There are no governmental laws, decrees, or regulations in Canada that restrict the export or import of capital or that affect the remittance of dividends, interest, or other payments to nonresident holders of our common stock. However, any such remittance to a non-corporate resident of the United States may be subject to a 15% withholding tax pursuant to Article XI of the reciprocal tax treaty between Canada and the United States.

Except as provided in the Investment Canada Act (the “Act”), enacted on June 20, 1985, as amended, as further amended by the North American Free Trade Agreement (NAFTA) Implementation Act (Canada) and the World Trade Organization (WTO) Agreement Implementation Act, there are no limitations under the laws of Canada, the Province of Alberta or in the charter or any other of our constituent documents on the right of non-Canadians to hold and/or vote our common stock.

E. Taxation

The following paragraphs set forth certain United States and Canadian federal income tax considerations in connection with the payment of dividends on and purchase or sale of our shares of common stock. The tax considerations are stated in general terms and are not intended to be advice to any particular shareholder. Each prospective investor is urged to consult his or her own tax advisor regarding the tax consequences of his or her purchase, ownership and disposition of shares of our common stock.

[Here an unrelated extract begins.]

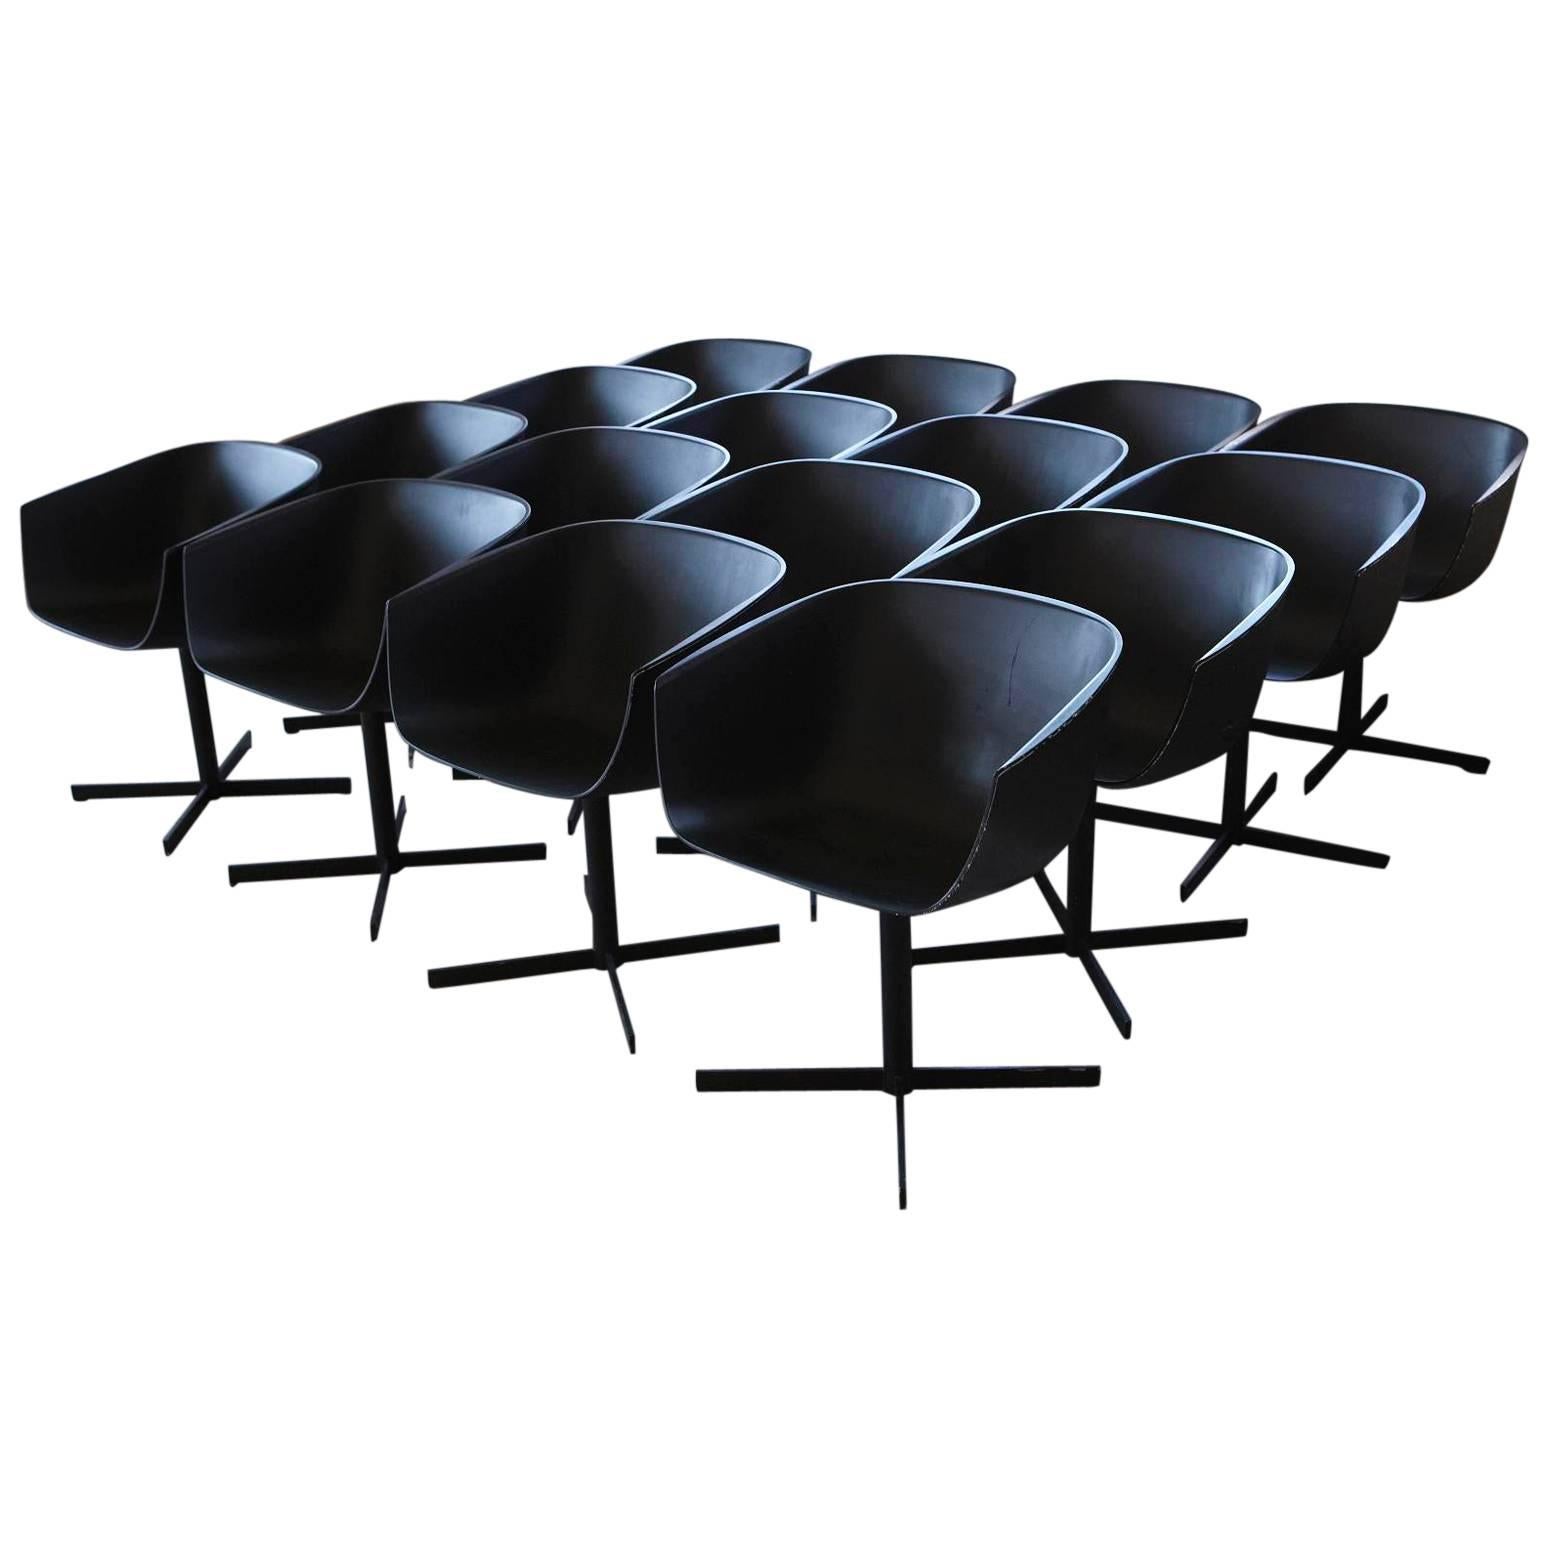 "Strip" Dining Chairs by Carlo Colombo for Poliform - sold in even numbers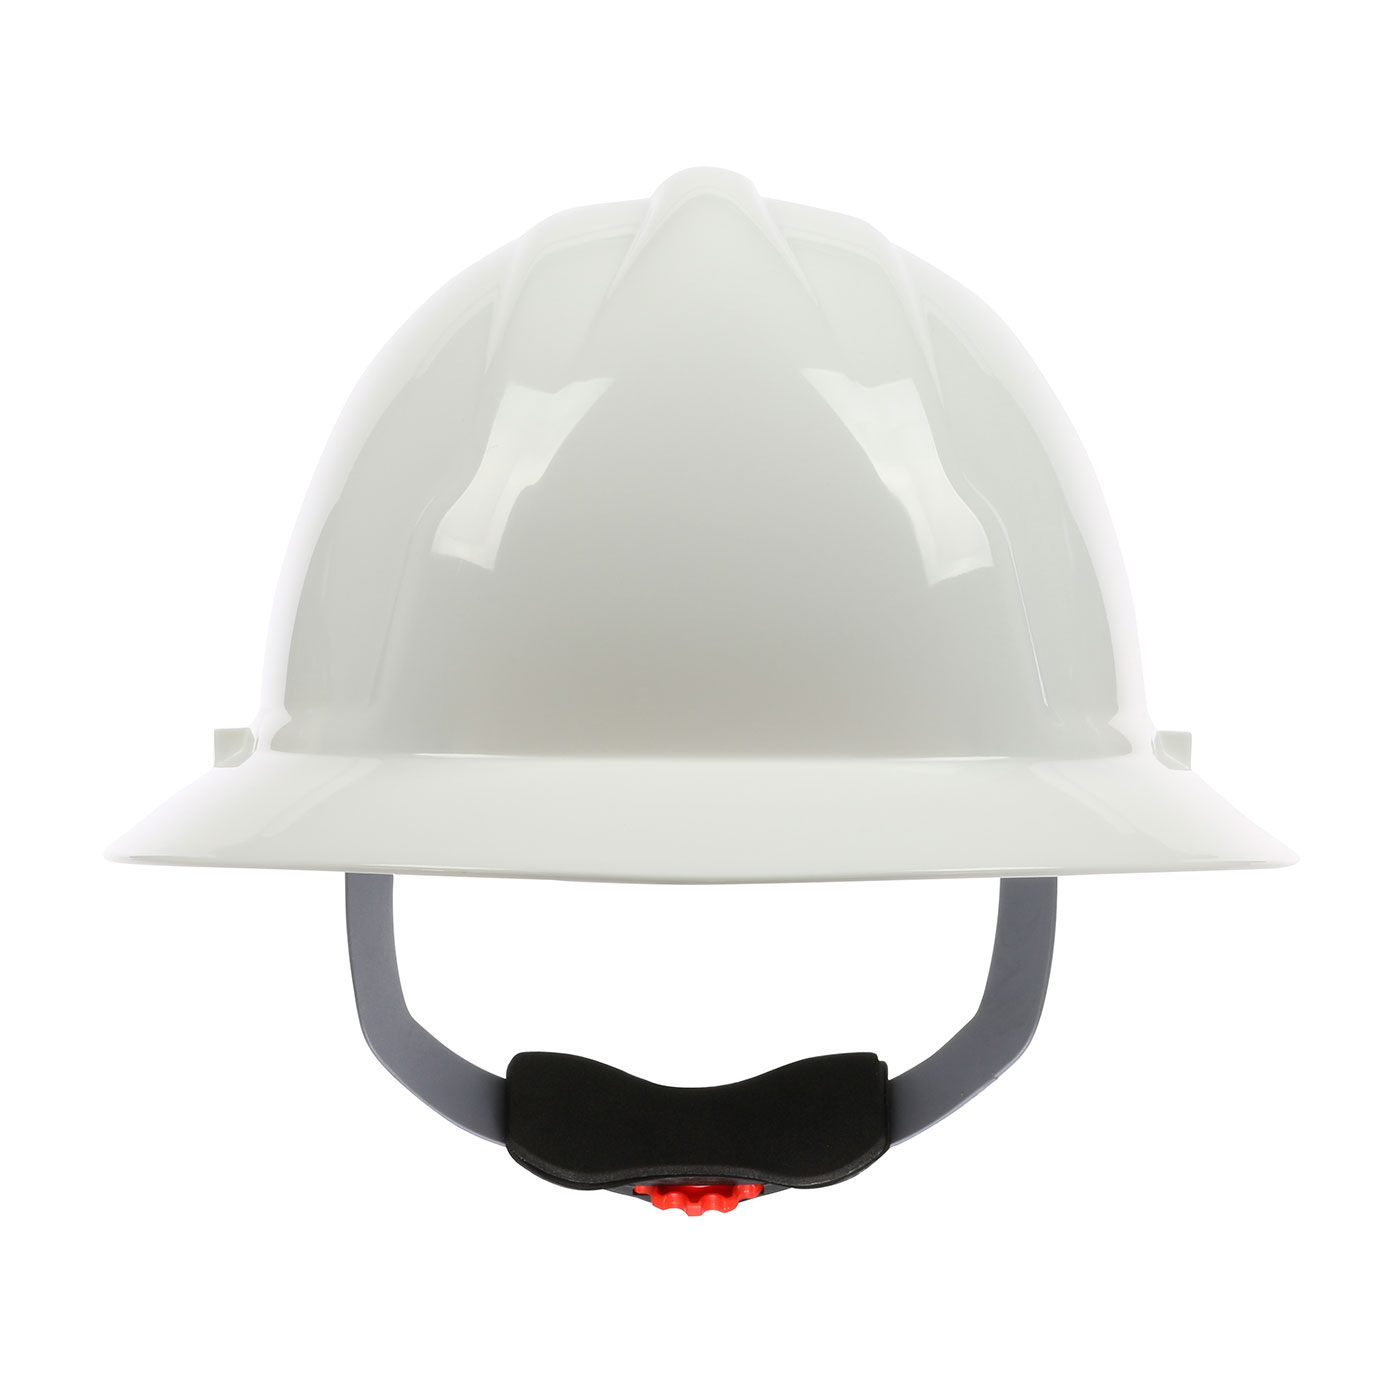 PIP 280-FBW4200-10 4200 Series Full Brim White Hard Hat with HDPE Shell, 4-Point Polyester Suspension and Wheel Ratchet Adjustment PID-280FBW420010

The discussion set forth below is based upon the provisions of the Income Tax Act (Canada) (the “Tax Act”), the Internal Revenue Code of 1986, as amended (the “Code”) and the Convention between Canada and the United States of America with respect to Taxes on Income and on Capital (the “Convention”), as well as United States Treasury regulations and rulings and judicial decisions. Except as otherwise specifically stated, the following discussion does not take into account or anticipate any changes to such laws, whether by legislative action or judicial decision. The discussion does not take into account the provincial tax laws of Canada or the tax laws of the various state and local jurisdictions in the United States.

Canadian Federal Income Tax Considerations. The following discussion applies only to citizens and residents of the United States and United States corporations who are not resident in Canada and will not be resident in Canada and who do not use or hold nor are deemed to use or hold such shares of our common stock in carrying on a business in Canada.

The payment of cash dividends and stock dividends on the shares of our common stock will generally be subject to Canadian withholding tax. The rate of the withholding tax will be 25% or such lesser amount as may be provided by treaty between Canada and the country of residence of the recipient. Under the Convention, the withholding tax generally would be reduced to 15%.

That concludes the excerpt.